# Records to use:
= Beginning of Section =

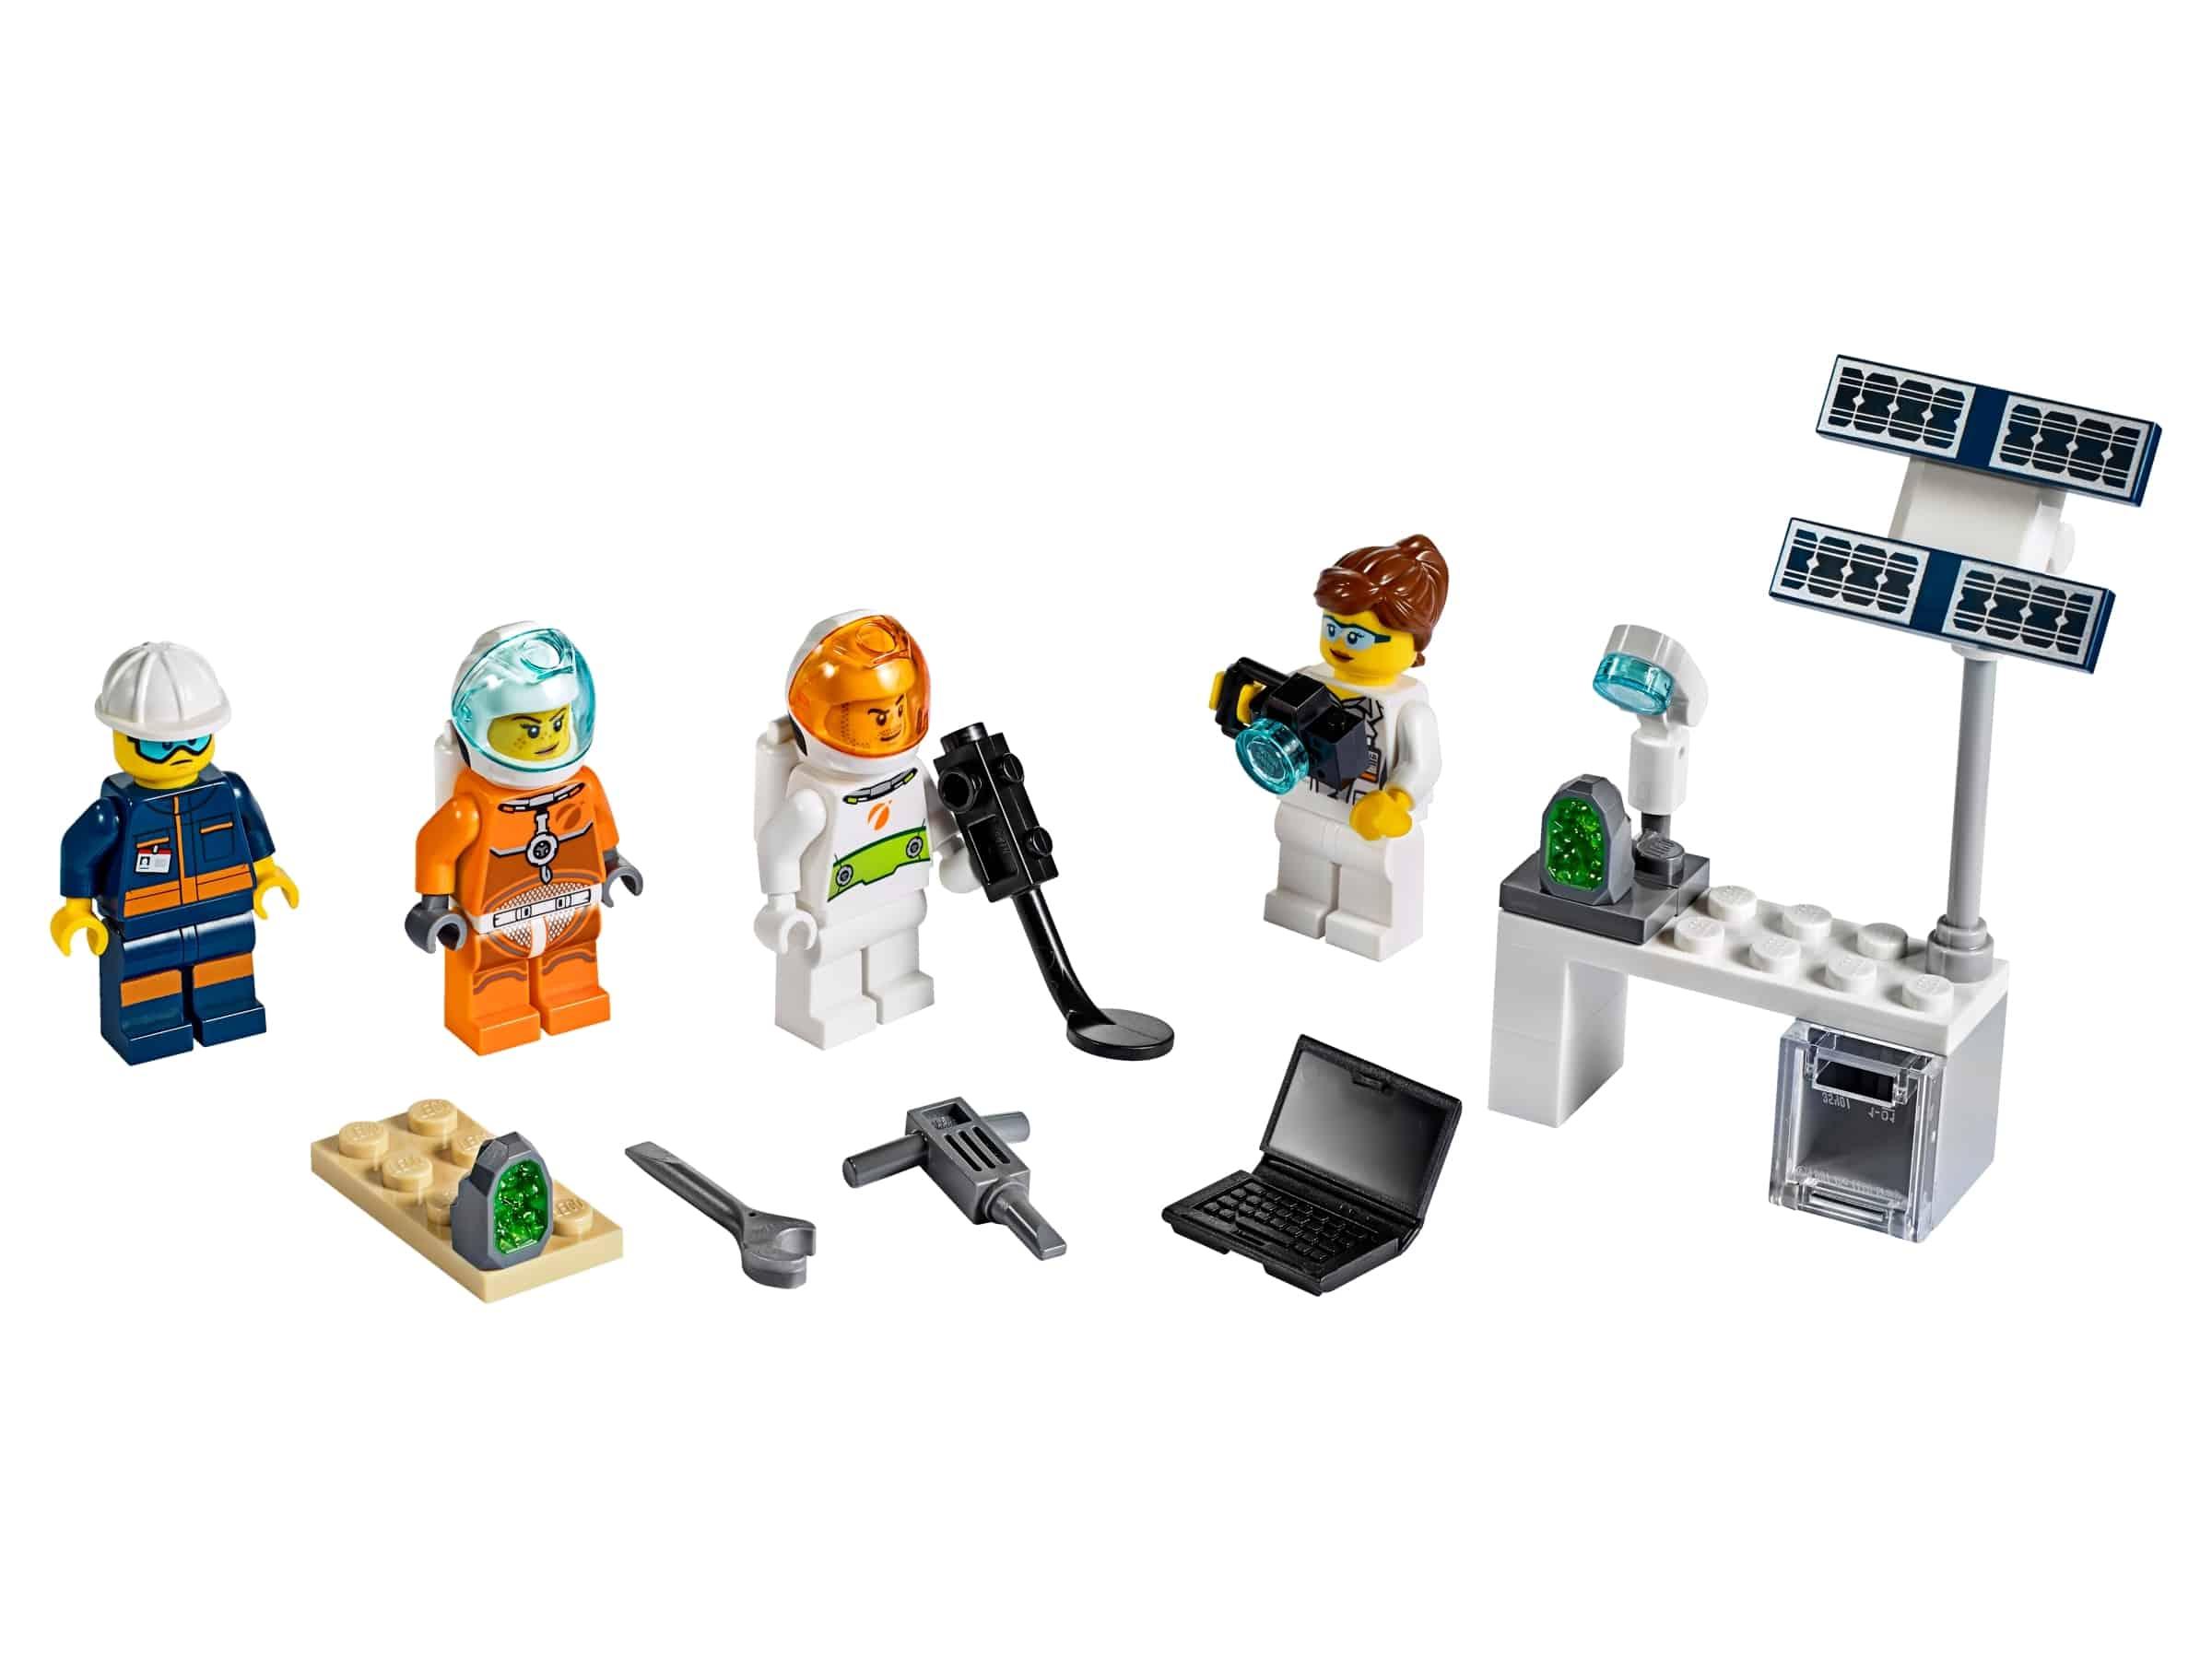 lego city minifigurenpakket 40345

= End of Section =
= Beginning of Section =

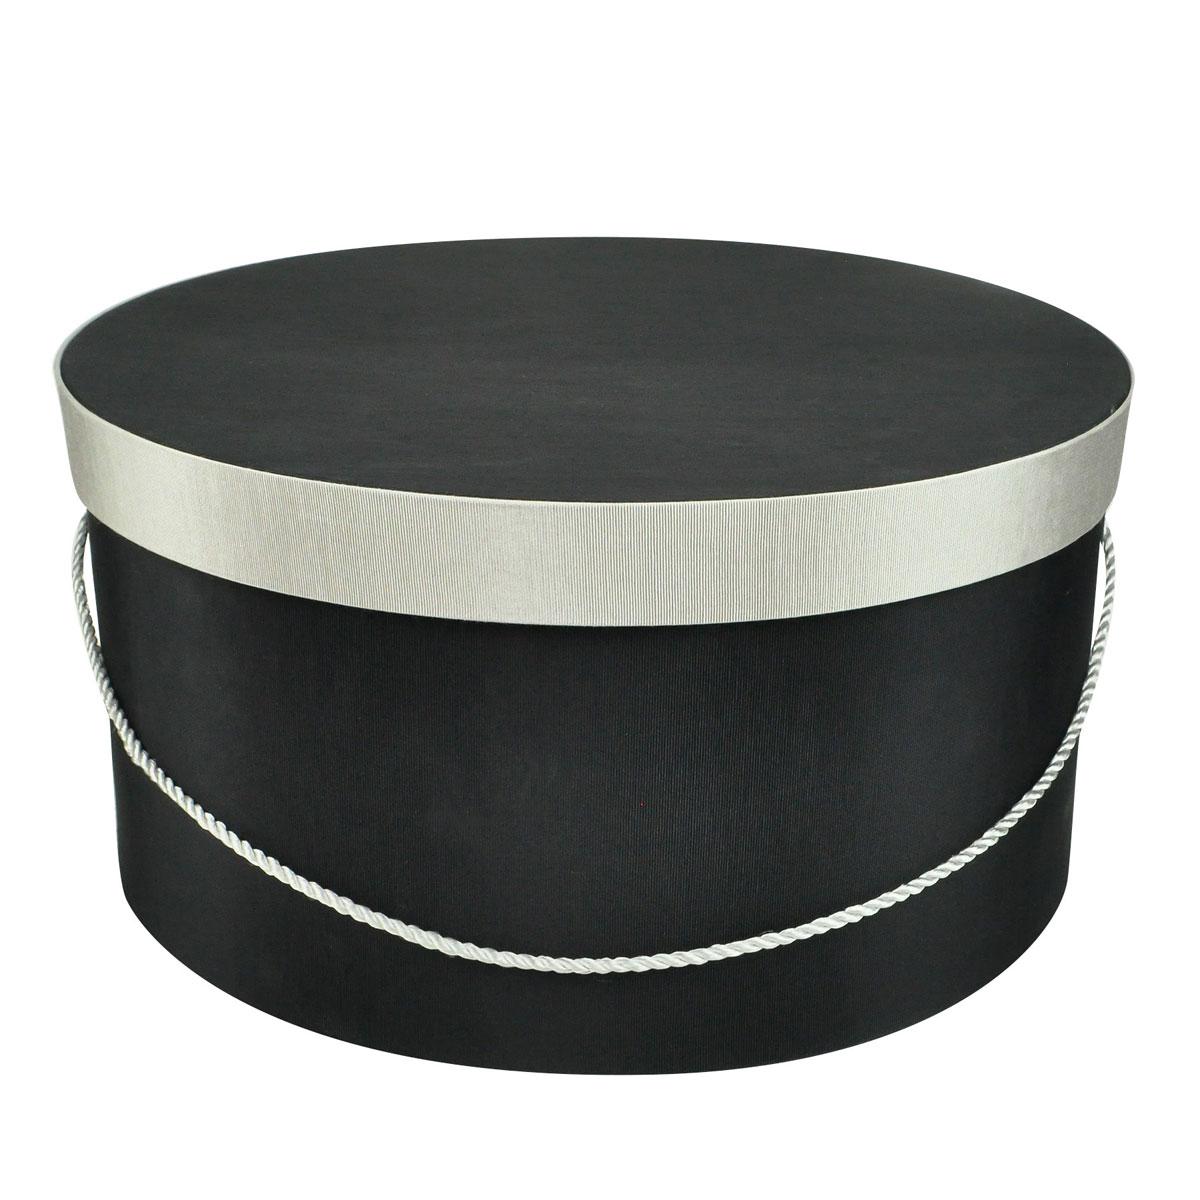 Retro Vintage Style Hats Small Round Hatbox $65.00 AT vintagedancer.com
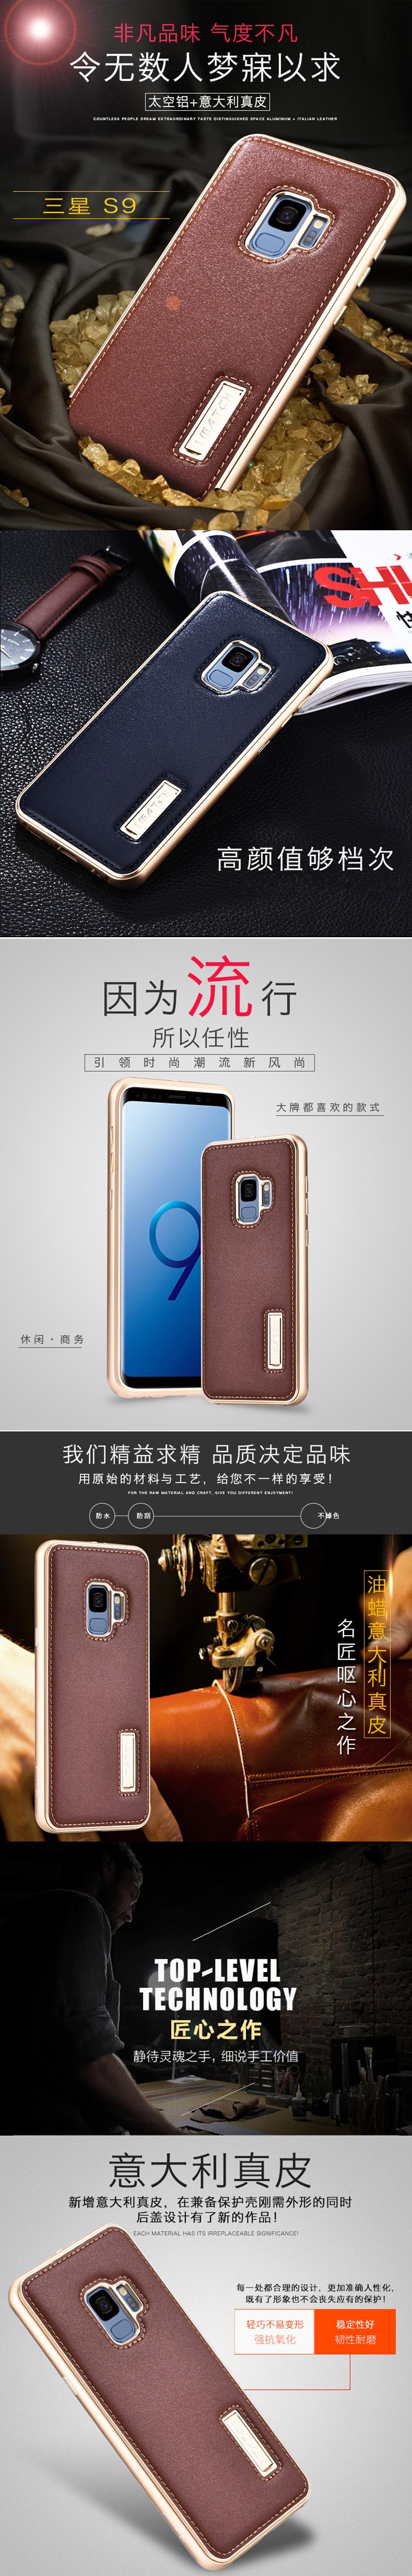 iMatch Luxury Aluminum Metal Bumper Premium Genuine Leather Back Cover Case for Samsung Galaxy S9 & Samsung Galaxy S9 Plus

= End of Section =

# What you have to do:
Copy nothing but the lines above from the one with "Retro Vintage Style" to the one with "iMatch Luxury Aluminum", inclusive, word for word. Leave every picture out.

# Answer box:
 Retro Vintage Style Hats Small Round Hatbox $65.00 AT vintagedancer.com
 iMatch Luxury Aluminum Metal Bumper Premium Genuine Leather Back Cover Case for Samsung Galaxy S9 & Samsung Galaxy S9 Plus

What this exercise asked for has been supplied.